На улицах стали появляться странные мужчины разного возраста с пустыми, как черная вода, глазами. Двигаясь удивительной дергающей походкой, выкрикивая одинаковые фразы на непонятном языке, они, в перерывах между расклеиванием Дац Дзы Бао16 неприличного содержания, часто и успешно грабили жителей, нанося им при этом слабой и средней тяжести телесные повреждения, оставляя тяжелый и горький осадок в душах.

Захваченные широкой, но дырявой сетью спецопераций, проводимых милицией, эти странные люди оказывали жестокое сопротивление, кусались и плевались, обещая всем страшную кару, ссылаясь на Черную Луну, умудряясь, каким-то образом произносить оба этих слова с заглавными буквами. Доставленные на допрос, они, по большей части, молчали, не отвечая на разнообразно задаваемые вопросы следователей, несмотря на применяемые сотрудниками органов защиты правопорядка нетрадиционные методы, в основном, почерпнутые из телепередач о тюрьме в Гуантаномо. Иногда забитые в угол свидетельскими показаниями преступники плакали и быстро-быстро откусывая себе пальцы на руках и ногах, выкладывали их на полу в причудливые фигуры, тщательно изучаемые потом милицейскими психологами.

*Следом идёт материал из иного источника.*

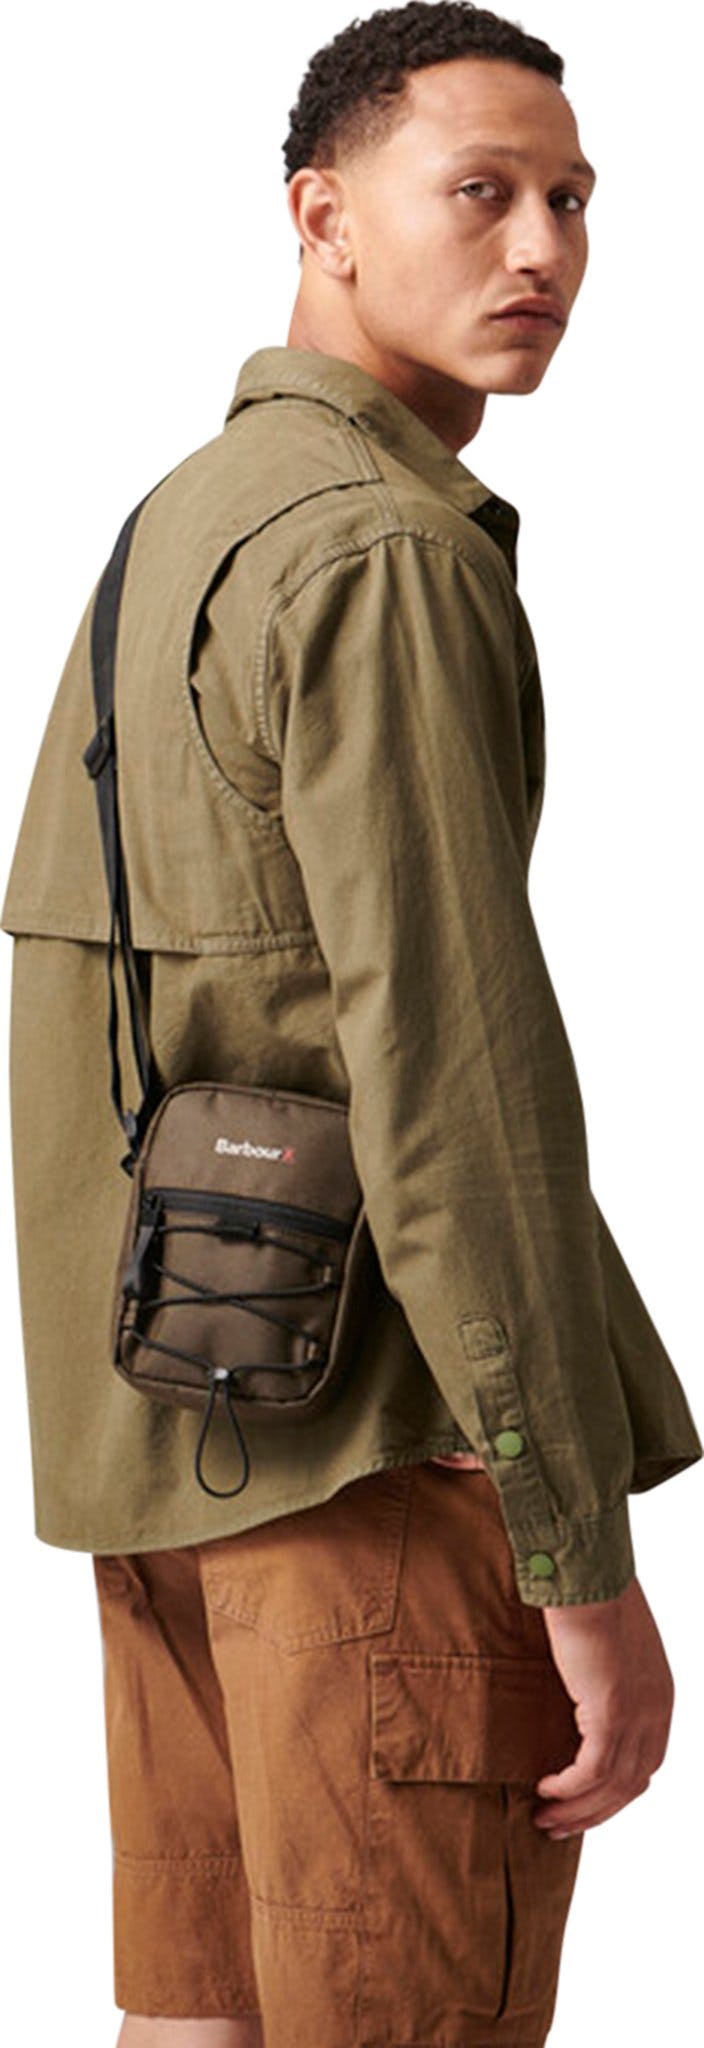 Product gallery image number 2 for product Kenby Showerproof Jacket - Men's

Большие милицейские чины разводили в сторону руки и ноги перед представителями прессы, как бы демонстрируя тем самым полное непонимание присходяшего, но уверенно обещали восставить порядок в Городе, прикрывая глаза и загадочно улыбаясь.

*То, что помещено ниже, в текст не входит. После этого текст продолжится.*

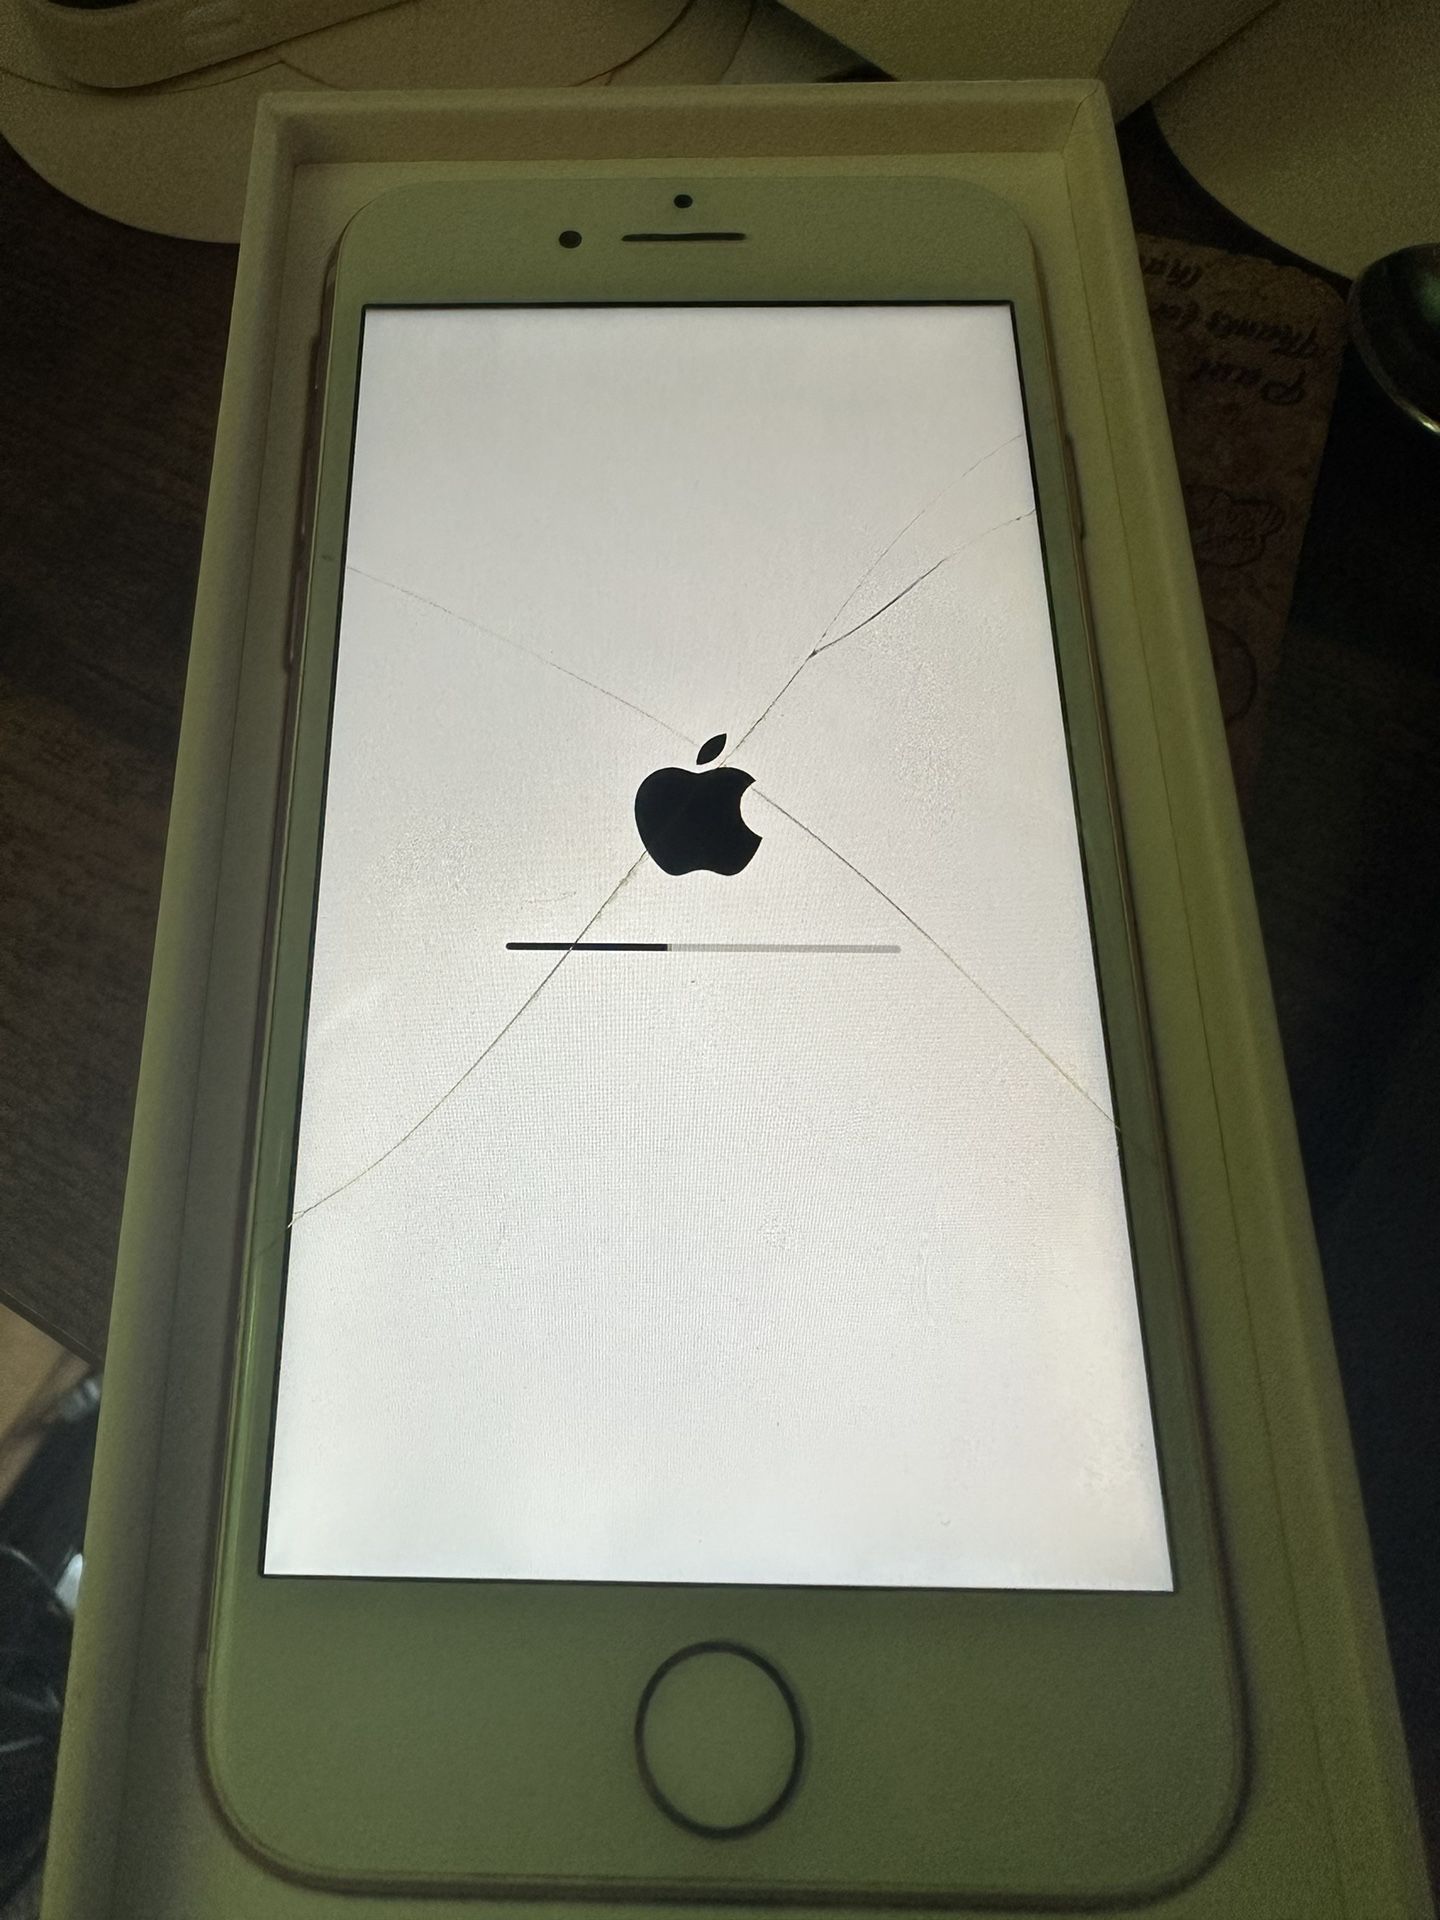 iPhone 8 64GB cracked screen

Смутное ощушение де жавю стучалось в мой мозг частыми ударами пульса, прося разрешения войти и открыть мне истинную картину происшествий. Я держался изо всех сил, плотно закрыв все двери и окна, для верности, забившись в угол комнаты, пытаясь там впасть в медитацию, уставившись на зажатую в руках банку с радужными мухами. По каким-то непонятным причинам я не хотел нового знания, предполагая, что знание это заведет меня далеко в прошлое, из которого не будет возврата.

Мухи не помогли, и находясь в сильном беспокойстве по поводу внезапного изчезновения Лилит, многократно усиленное событиями в Городе, я решил выйти на улицу подышать свежим воздухом. Дойдя до угла бульвара, я купил в киоске пачку сигарет и вдруг вспомнил, что оставил дверь в квартиру открытой. Учитывая происходящие события, я решил на всякий случай вернуться и затрусил в сторону дома, мотая головой из стороны в сторону и тяжко вздыхая, как старая ломовая лошадь.

Обливаясь холодным потом, я ворвался внутрь квартиры, и закрыв за собой дверь на крепкий замок, обернулся и увидел ожидающего меня участкового Серафима в кресле перед телевизором.

– Ну что, – сказал он, – обездоленный друг мой, вспомнил ли ты что-то, интересующее меня?

– Послушай, Серафим, я ведь говорил уже тебе: не владею я никакими знаниями о женщине, интересующей тебя, хотя, вырвавшись из лап доктора Менгеле, я окреп духом и частично вспомнил свою жизнь, что началась еще до Великого Потопа сотни тысяч лет тому назад. Пойми же наконец, мой лучший после Адольфа Гитлера друг, все это было сотни тысяч лет назад, и память моя похожа на испорченный жесткий диск со стертыми наглухо кластерами, и потому искрит у меня в голове, как в сгоревшем процессоре, и не могу я точно воспроизвести картину мира.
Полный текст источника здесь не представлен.